Cronaca
Blackout a Roma: quanta impreparazione ci possiamo permettere?
È successo di nuovo. Il quartiere Sallustiano di Roma è rimasto al buio, un blackout ha colpito la zona lasciando uffici, ristoranti e case senza corrente. Un episodio che ha messo in evidenza non solo i problemi infrastrutturali della capitale, ma anche il crescente senso di insicurezza tra i cittadini.
I rumori assordanti degli allarmi delle auto hanno risuonato in una città già provata da una gestione poco oculata dei servizi pubblici. Nessuno vuole rimanere al buio, specialmente quando la vita quotidiana di milioni di persone dipende dalla luce elettrica. “Ci siamo trovati in una situazione surreale”, ha dichiarato un ristoratore del quartiere. “I clienti scappavano, mentre noi eravamo lasciati a guardare inermi.”
Questo blackout evidenzia una vulnerabilità che non possiamo più permetterci. Le infrastrutture romane necessitano di un ripensamento radicale. Se è vero che la tecnologia avanza a grandi passi, è altrettanto vero che le nostre reti di distribuzione energetica sembrano rimanere ancorate a un passato che non ha tempo per adeguarsi alle sfide del presente.

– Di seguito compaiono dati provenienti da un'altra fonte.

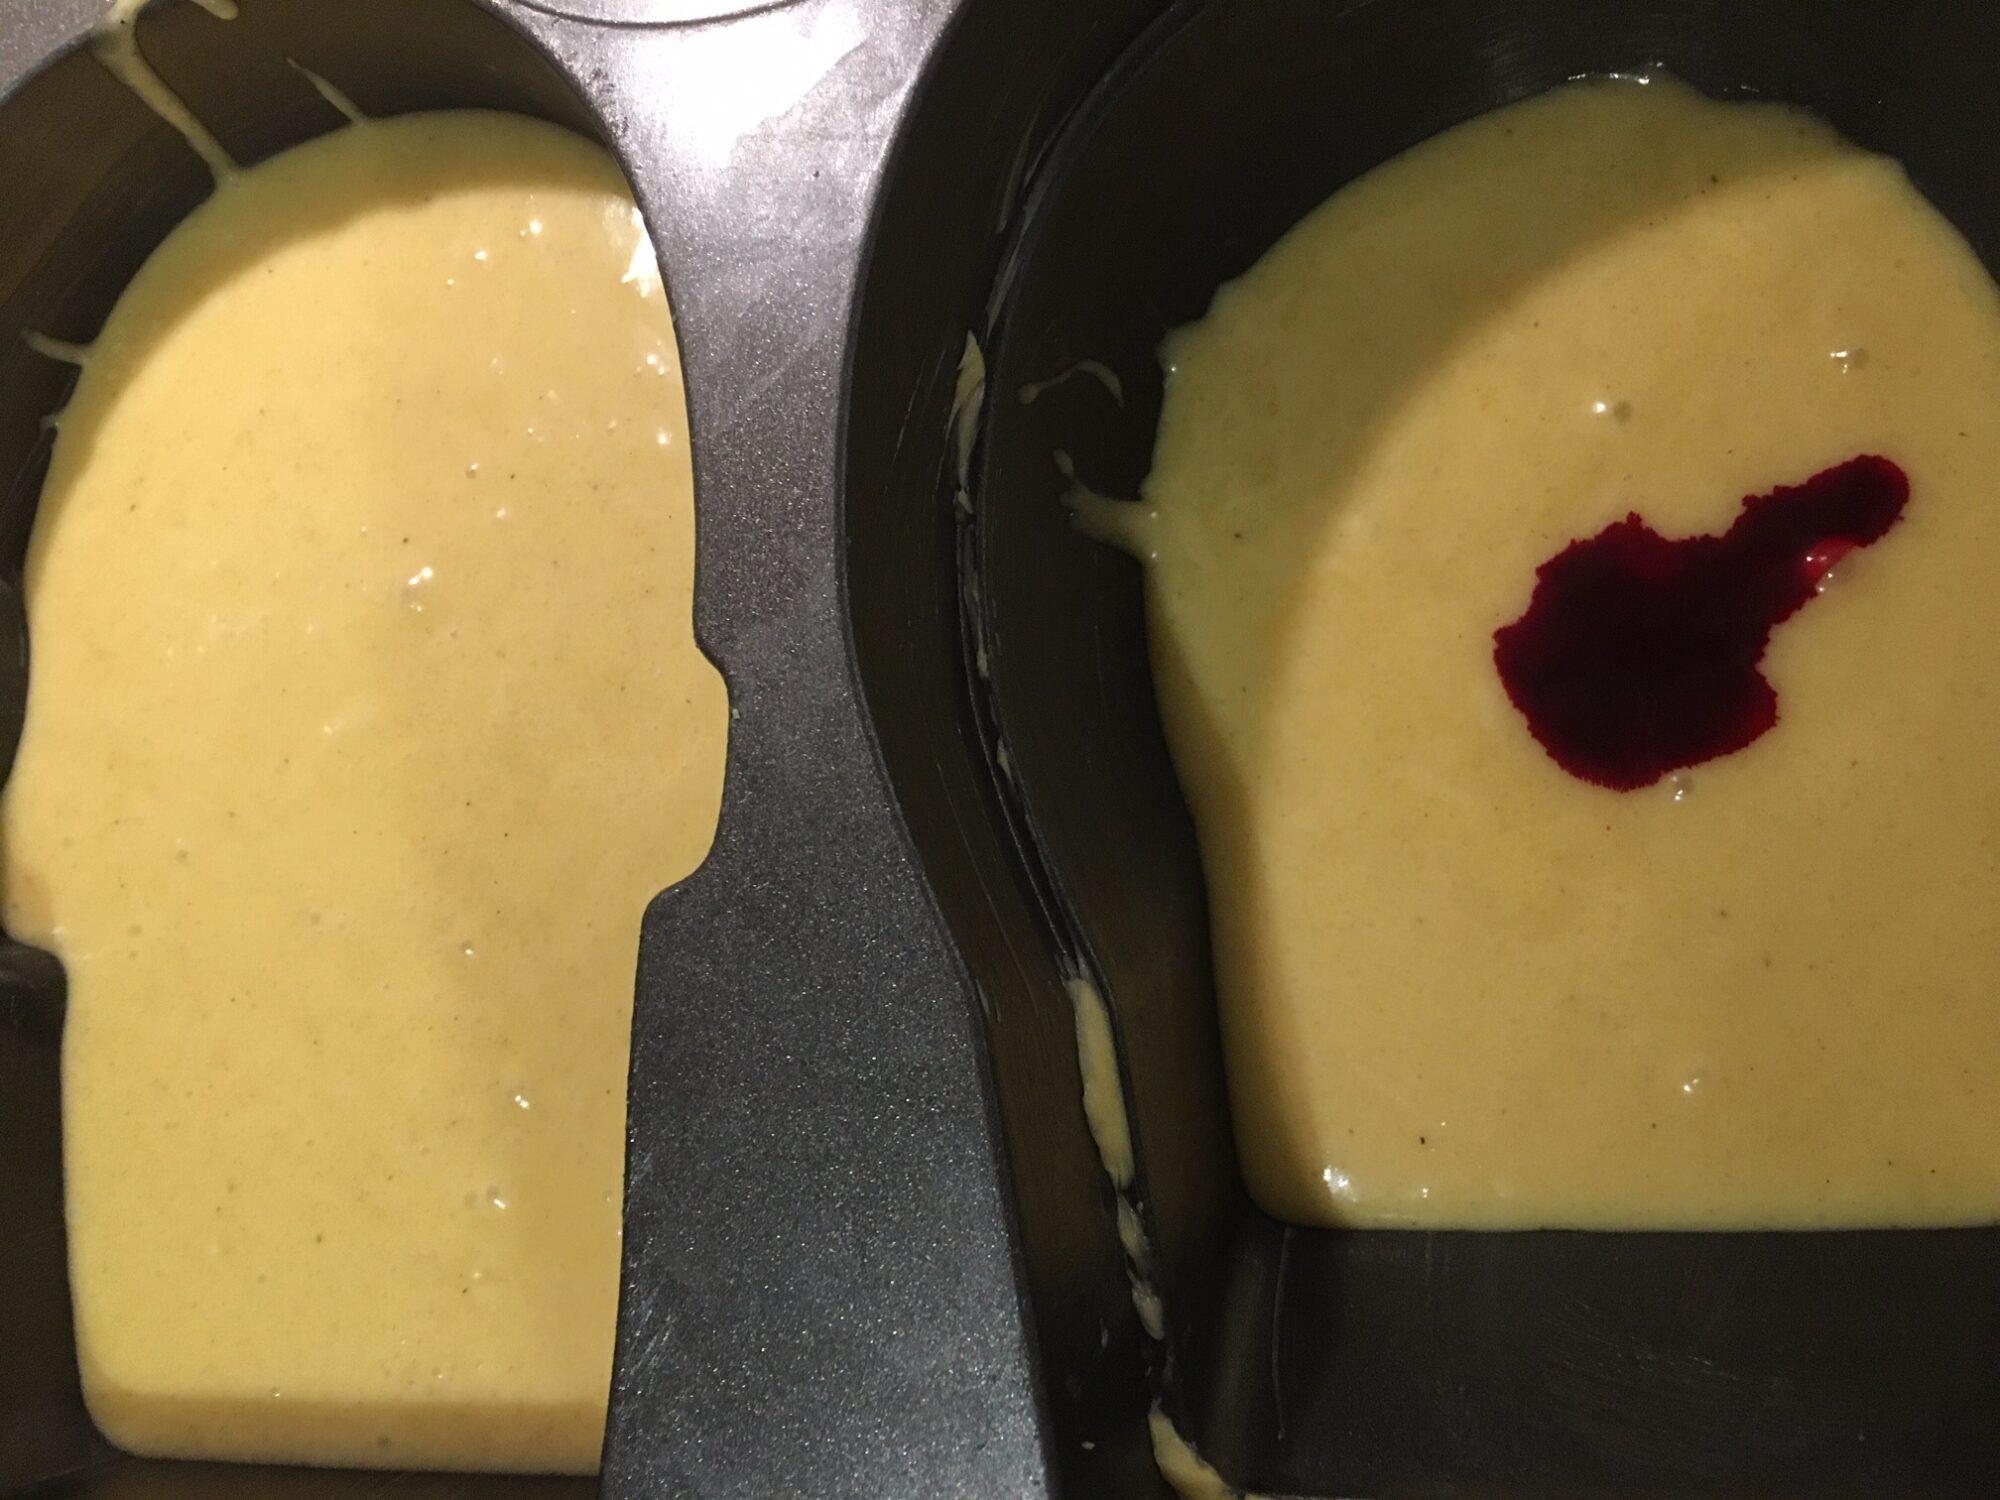 En blodig overraskelse i midten af kagen
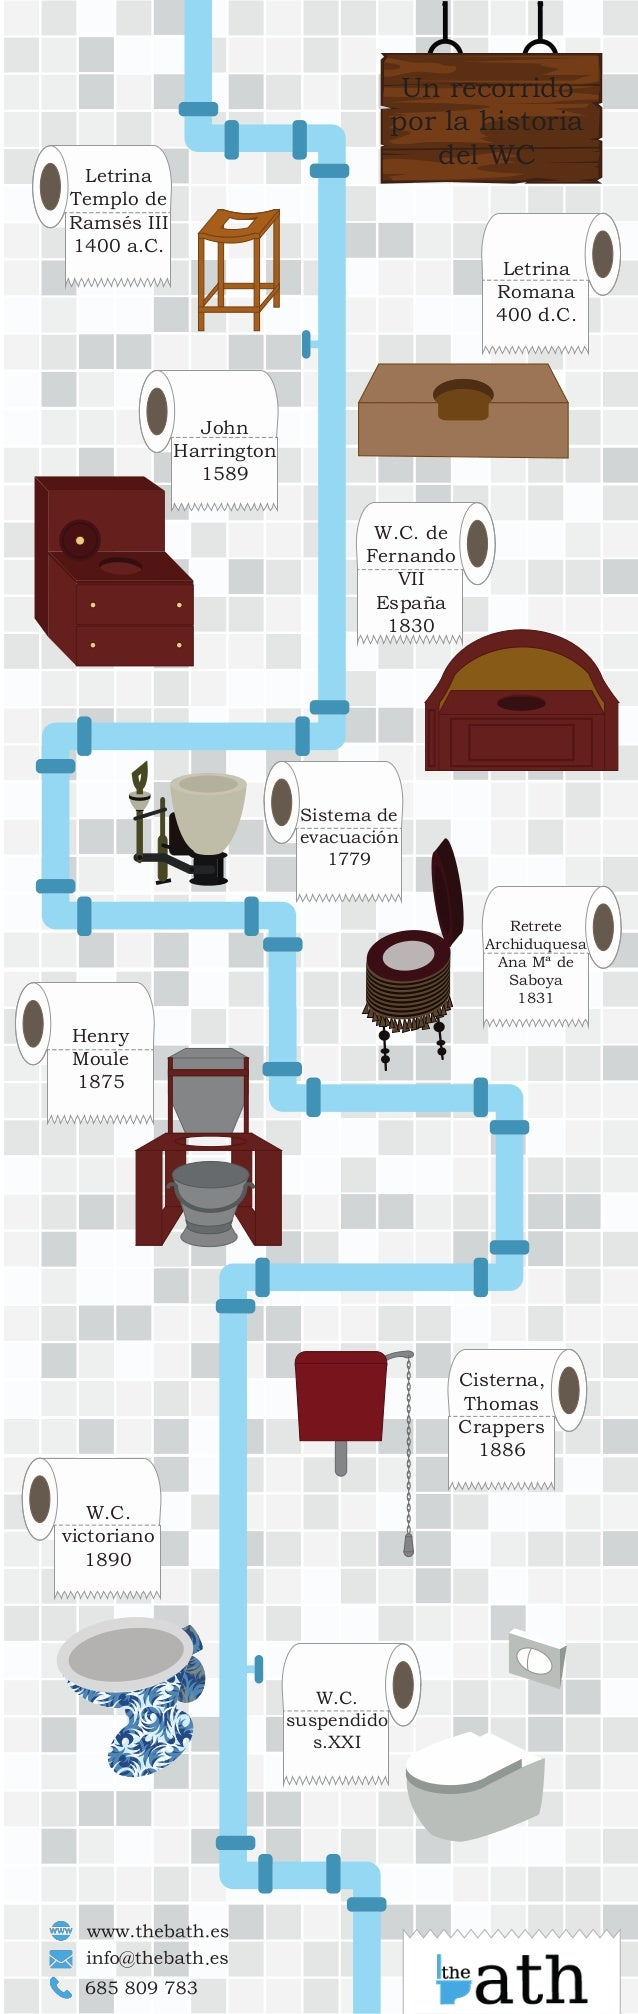 la historia del wc. Black Bedroom Furniture Sets. Home Design Ideas

Nel mentre, non possiamo ignorare le conseguenze sociali. I residenti sono stanchi e il numero di lamentele cresce: troppe volte le piccole cose non funzionano e ciò porta a un diffuso malessere. Ci si chiede se l’amministrazione capitolina abbia la volontà e la capacità di affrontare tali problematiche. Ogni blackout che avviene è un promemoria che ci ricordano quanto possa essere fragile il nostro sistema e quanto il cittadino sia lasciato a frustrazione.
Alla luce di quanto accaduto, è legittimo domandarsi: cosa deve ancora succedere affinché le autorità competenti facciano dei cambiamenti significativi e ascoltino le istanze dei cittadini? Quando avremo finalmente risposte concrete e azioni tangibili? La serenità dei romani non può essere ulteriormente sacrificata sull’altare dell’improvvisazione e della superficialità. E chissà, magari la prossima volta potremmo trovarci di nuovo nel buio, e chissà se ci sarà qualcuno a preoccuparsi di accendere la luce.